Anonymous 0 Comments

To build on the excellent answer above, it helps to understand how someone decides how much they think a stock is worth. The ELI30 is it is the net present value of all future cash flows divided by the number of shares of stock outstanding. To break that down, net present value just means stuff in the future is worth less than today. So $100 in 2025 is worth less than $100 in 2022 is worth less than $100 in 2020. Future cash flows is exactly what it sounds like—the company buys a new machine for a million dollars, that’s a million dollars negative cash flow. The company sells a widget for 15 dollars, that’s 15 dollars of positive cash flow. So you take all the projected future cash flows from everything this company will do from now until eternity, you reduce some of those cash flows in size because they’re far in the future, and you’ve got your net present value of all future cash flows. That’s what the company is worth. Divide by the number of shares in the company and you find out what each share is worth.

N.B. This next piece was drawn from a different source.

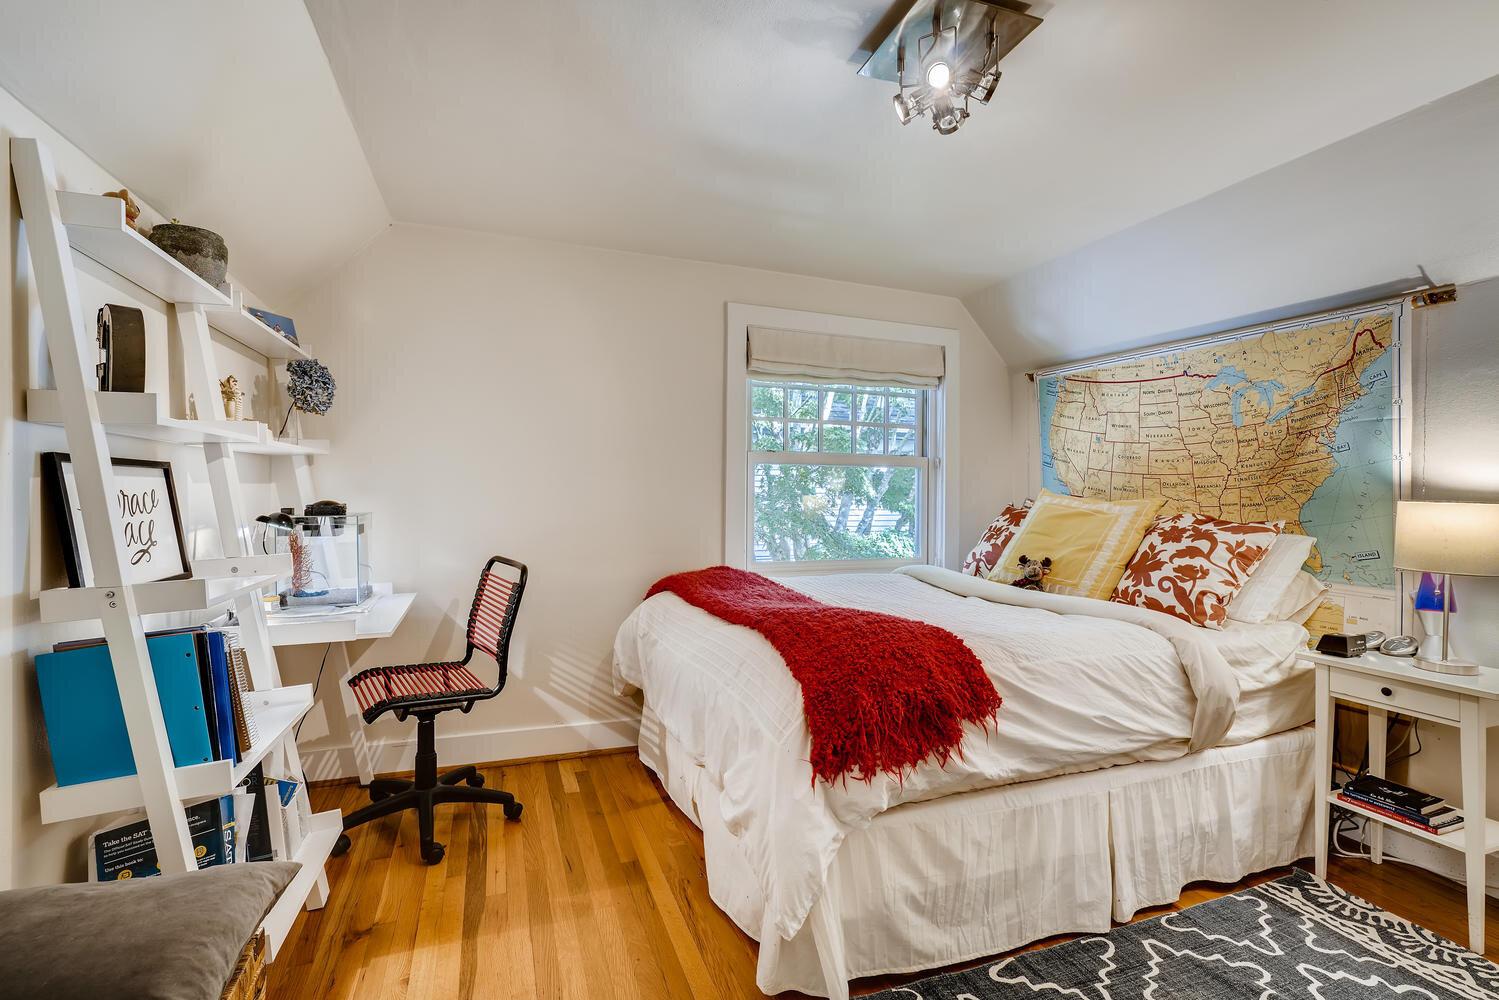 2111 29th Ave W Seattle WA-large-022-009-2nd Floor Bedroom-1500x1000-72dpi.jpg

What some of these quants do is build models to help them figure out what a share should be worth based on the above. If their model then says a share should be worth $60 but it’s available on the market for $35, they’d suggest to their employer that the stock is undervalued and they should buy it.

Anonymous 0 Comments

Broadly, they create and estimate statistical models of financial assets. The ‘quant’ is short for ‘quantitative’, which means they try to make trading decisions based on hard (quantifiable) data rather than subjective evaluations of an investment opportunity. Those statistical models can take all different shapes and sizes. Some may be mathematically simple but focused on speed to take advantage of trading opportunities that are only briefly available. Others can be much more complex and used to inform long-term trading strategies. The details are, of course, proprietary.

Anonymous 0 Comments

Originally (the 80’s & 90’s), the job of quants was to determine how much brokerage houses would charge clients for derivatives like futures and options based on how much it would cost to hedge the risk of the product by buying and selling the underlying instrument. If they priced it too low the firm would lose money but if they priced it too high another firm would undercut them. Back then quants did NOT try to predict the market.

Now they do, much more math and computing resources are available now and quants try to forecast the characteristics of the return distribution of a portfolio of investments or try to construct the best portfolio for a range outcomes. The idea is to achieve the highest return with the lowest risk.